→ **WHAT THE EXERCISE ASKS**
Each line in the material below, starting at the one with "un chico joven" and ending at the one with "Macro image of", is to be reproduced exactly; no picture is to be copied.

━━ EXTRACTED MATERIAL

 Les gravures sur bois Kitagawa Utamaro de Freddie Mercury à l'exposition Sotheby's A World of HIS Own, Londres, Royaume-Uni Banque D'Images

━━━━
━━ EXTRACTED MATERIAL

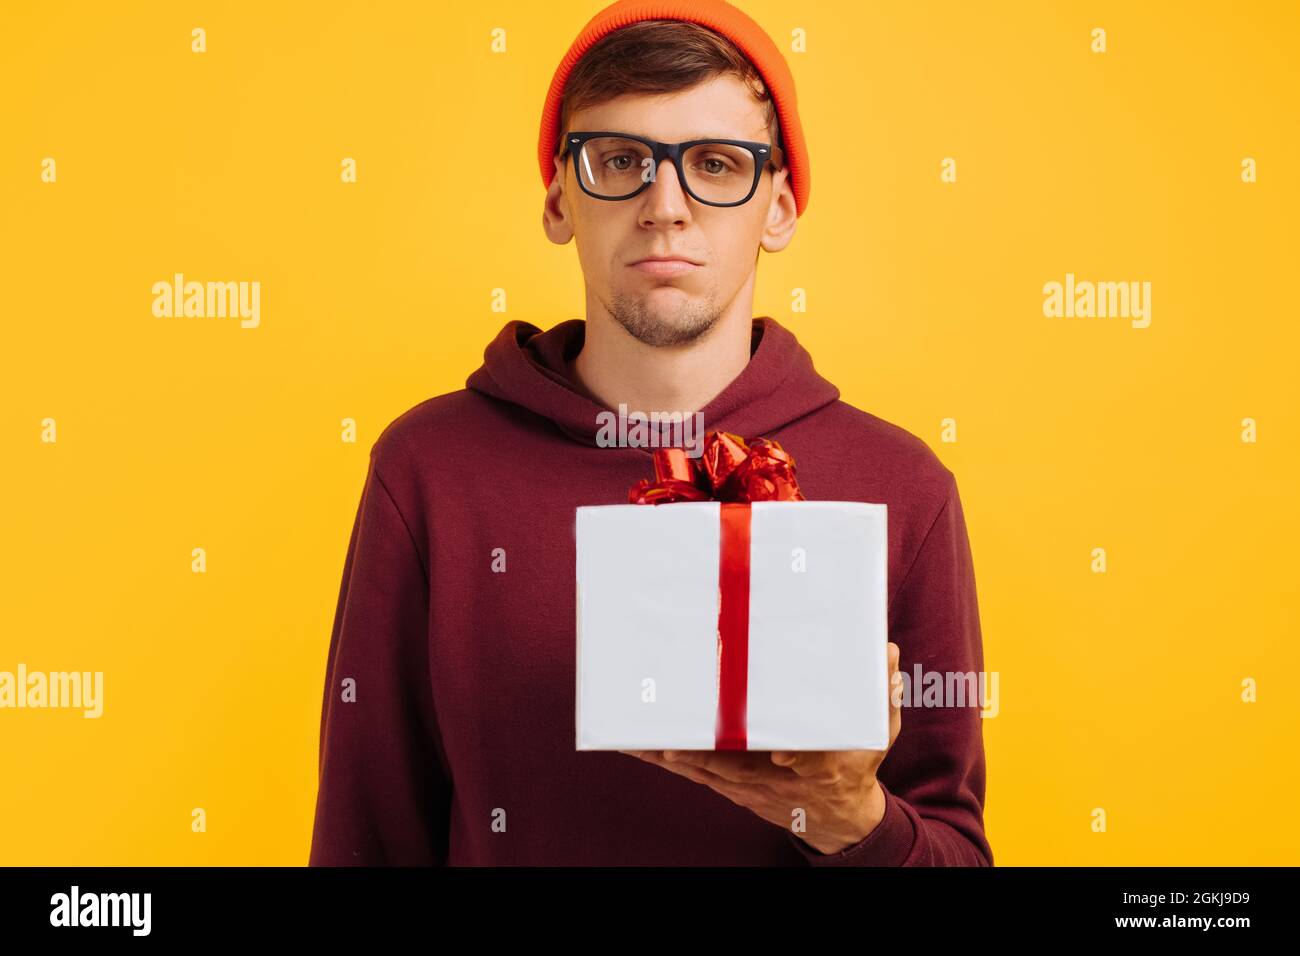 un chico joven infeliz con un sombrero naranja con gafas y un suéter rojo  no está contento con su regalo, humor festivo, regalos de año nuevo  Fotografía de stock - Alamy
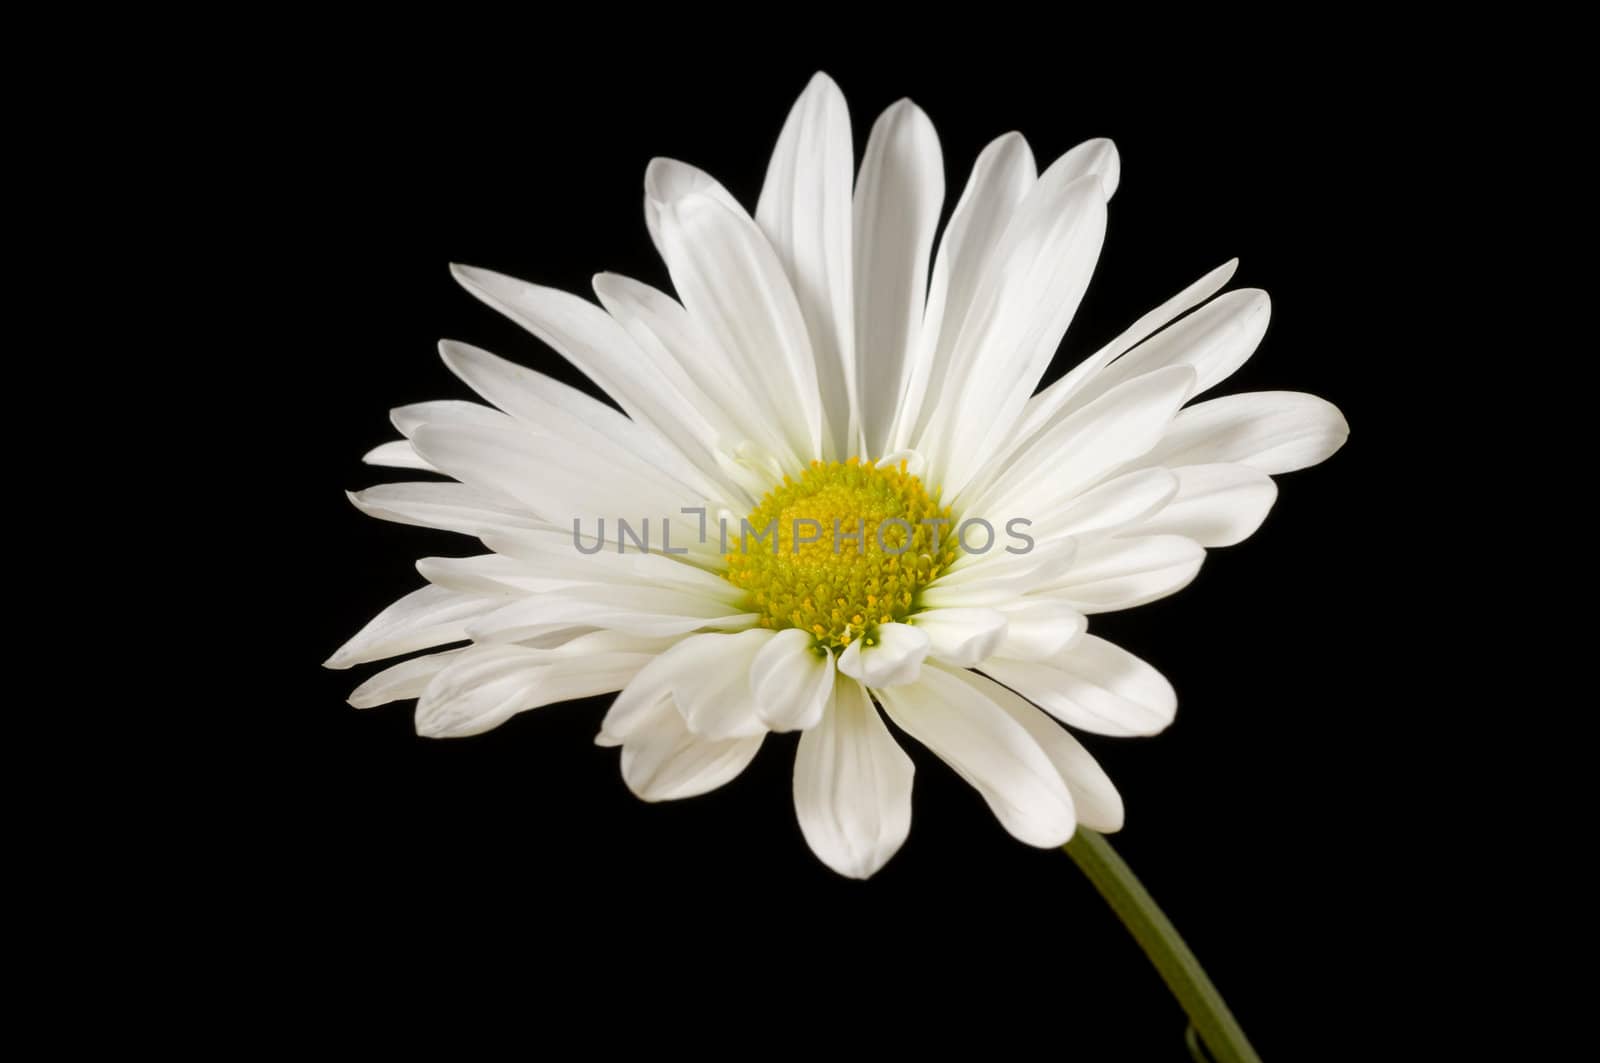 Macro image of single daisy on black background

━━━━

→ **ANSWER BOX**
 un chico joven infeliz con un sombrero naranja con gafas y un suéter rojo  no está contento con su regalo, humor festivo, regalos de año nuevo  Fotografía de stock - Alamy
 Macro image of single daisy on black background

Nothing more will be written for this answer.